La mission d'évaluation de l'Assemblée nationale sur la loi "Claeys-Leonetti", poursuit ses travaux. Ses membres ont auditionné, lundi 30 janvier, des associations aux antipodes l'une de l'autre : l'Association pour le droit de mourir dans la dignité, qui milite depuis 1980 pour une aide active à mourir, et l'Alliance Vita, qui y est farouchement opposée.
"La loi française maintient la question de la fin de vie sous la seule autorité du médecin". C'est par ce constat sans appel que le président de l’Association pour le droit de mourir dans la dignité (ADMD) a introduit son propos devant la mission d’évaluation de la loi du 2 février 2016 créant de nouveaux droits en faveur des malades et des personnes en fin de vie. Jonathan Denis a particulièrement dénoncé la permanence de l'acharnement thérapeutique, alors même qu'il a été proscrit par la loi "Claeys-Leonetti".
Egalement entendu par la mission d'évaluation présidée par Olivier Falorni (MoDem), le docteur Denis Labayle, co-président de l’association "Le Choix - Citoyens pour une mort choisie", a attribué ce phénomène à la loi "de non-assistance à personne en danger" de 1954 qui, faute d'avoir été retravaillée, entre en contradiction avec le principe d’obstination déraisonnable, inscrit dans la loi de 2016. Lui-même médecin hospitalier, Denis Labayle a parlé d'une "épée de Damoclès" pesant sur le personnel soignant, avant d'en conclure que "l’obstination déraisonnable existe toujours, parce qu’il y a cette peur".
"L’ADMD que je représente, forte de ses 76 000 adhérents et de ses plus de 40 années de militantisme et d’accompagnement, revendique le droit pour chaque citoyen français de choisir le moment et la manière de finir sa vie", a pour sa part martelé Jonathan Denis, avant d'ajouter : "C’est une loi de liberté, d’égalité et de fraternité que nous demandons".
Appelant de ses voeux un arsenal législatif s'inspirant de la loi belge, le président de l'ADMD a jugé la mise en place d'une clause de conscience "indispensable" en cas d'euthanasie, et également souhaité que "l’accès à des soins palliatifs de qualité soit enfin une réalité".
À ce sujet, Denis Labayle a fait valoir le fait qu'en Belgique, il n'existait "pas de frontière entre les soins palliatifs et l’aide médicale à mourir". "En France, il y a un barrage idéologique de la part de la société française d’accompagnement et de soins palliatifs", a-t-il aussi poursuivi, structure dont il a dénoncé "l’influence religieuse (...) reconnue par tout le monde, et qui pose un problème dans une république laïque".
Auditionné juste après les associations en faveur d'une aide active à mourir, Jean-Marie Le Méné, l'un de ses plus fervents opposants, a quant à lui posé un regard particulièrement critique sur la loi de 2016. Le président de la Fondation Jérôme Lejeune, qui accompagne notamment des patients porteurs de trisomie 21, tout en militant contre l'euthanasie ou contre l'IVG, a déploré que cette loi crée une forme d'aspiration à la "programmation de la mort". Il a, en outre, regretté qu'"orpheline de soins palliatifs, la loi penche du côté de la sédation terminale", pour qualifier la sédation profonde et continue.
Auditionné aux côtés de Jean-Marie Le Méné, le porte-parole d'Alliance Vita, dont les préocuppations sont similaires à celles de la Fondation Jérôme Lejeune, a également appelé à la "vigilance" en matière de sédation profonde et continue.

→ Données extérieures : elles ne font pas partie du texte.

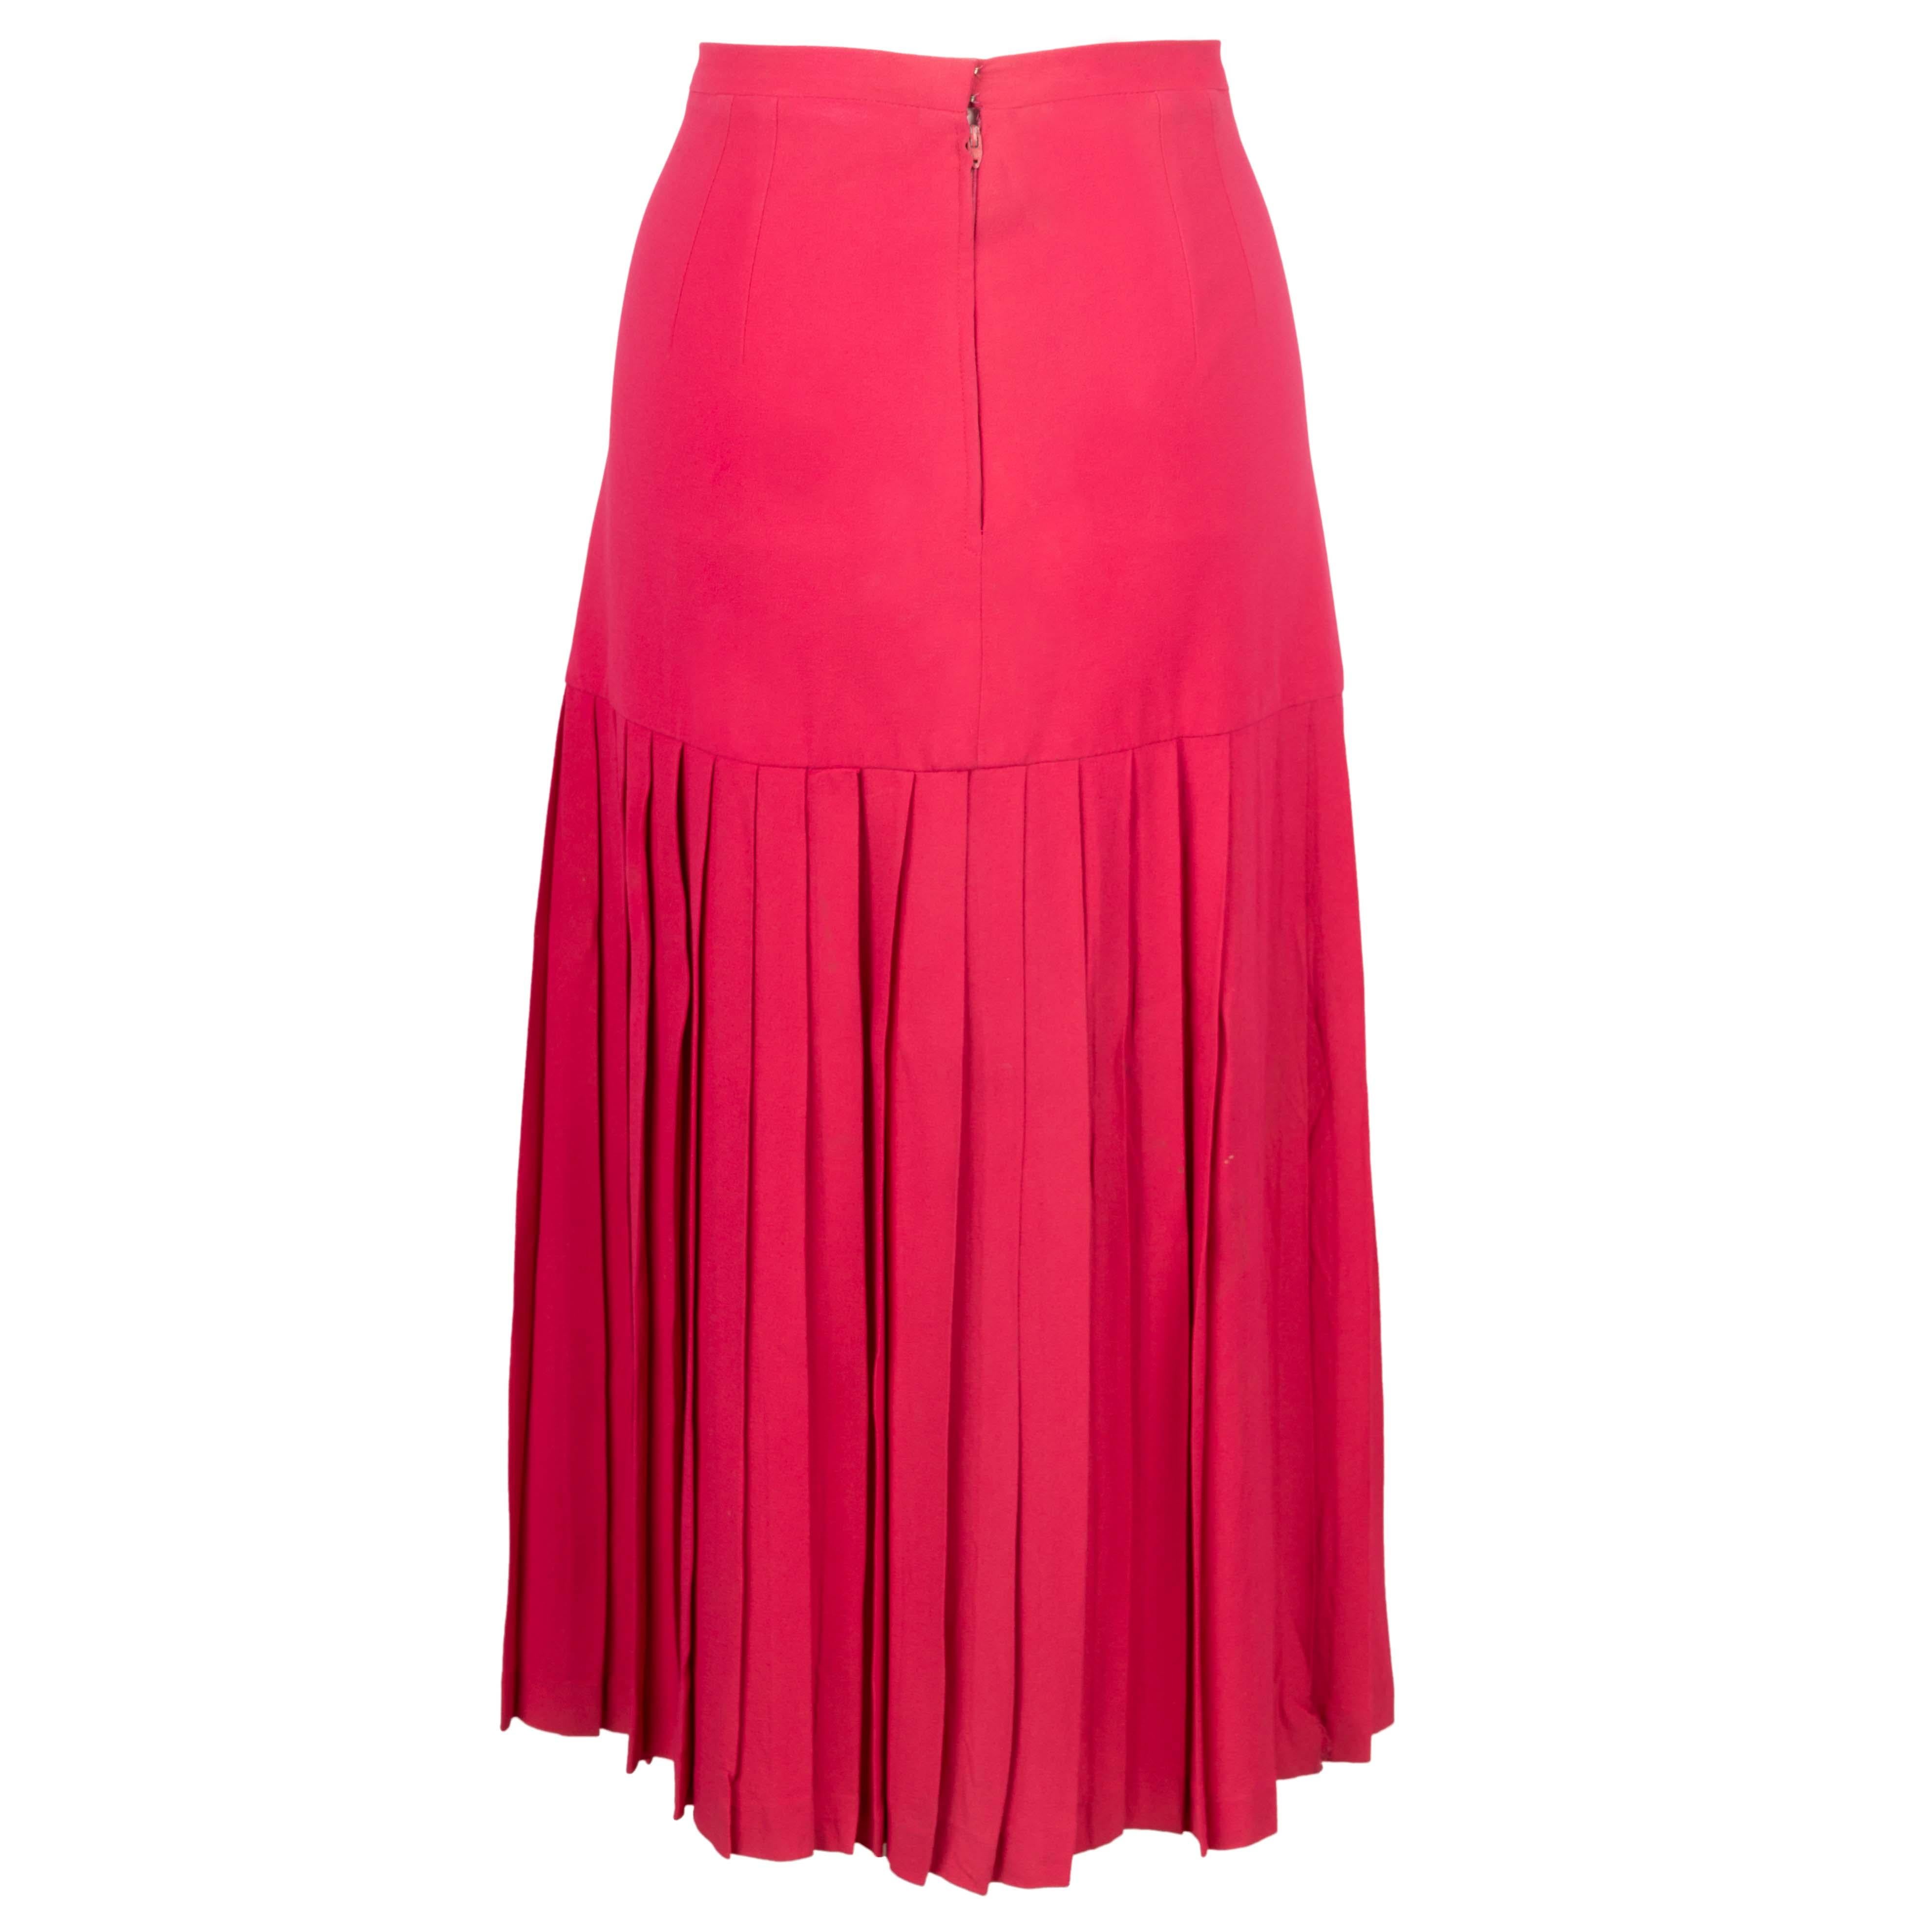 Made in Italy, the Valentino Pink Pleated Skirt is a stunning piece that adds a subtle bright hue to the look. With a fitted top half and a pleated bottom half, the unique textural element embellishes the simplest outfits by creating a chic edge.

Tugdual Derville a notamment évoqué "des risques d'abus", menant à "des sédations qui deviendraient euthanasiques".
Revenant sur l'avis du Comité consultatif national d'éthique (CCNE) qui envisage une aide active à mourir strictement encadrée, Tugdual Derville a évoqué un "revirement" de l'institution constituant une "remise en cause de l’interdit de tuer".
Je ne déshydraterai jamais mes malades ! Denis Labayle, sur la sédation profonde et continue.
Si les positions sont diamétralement opposées, le docteur Denis Labayle, auditionné un peu plus tôt, a également émis des réserves quant à la pratique de la sédation profonde et continue. Evoquant un protocole "plus que bancal", il l'a qualifié de "traitement d’agonie, qui doit être brève". "Je ne déshydraterai jamais mes malades !", s'est-il aussi exclamé, considérant que le décès généré par l'arrêt de l'hydratation était "source de souffrances".
Répondant, par ailleurs, à la préocuppation liée à d'éventuelles "dérives" générées par l'instauration d'une aide active à mourir, le médecin a indiqué que de tels cas étaient peu observés dans les pays qui l'ont d'ores et-déjà légalisée, avant de conclure : "Les dérives elles sont chez nous, parce que tout est clandestin".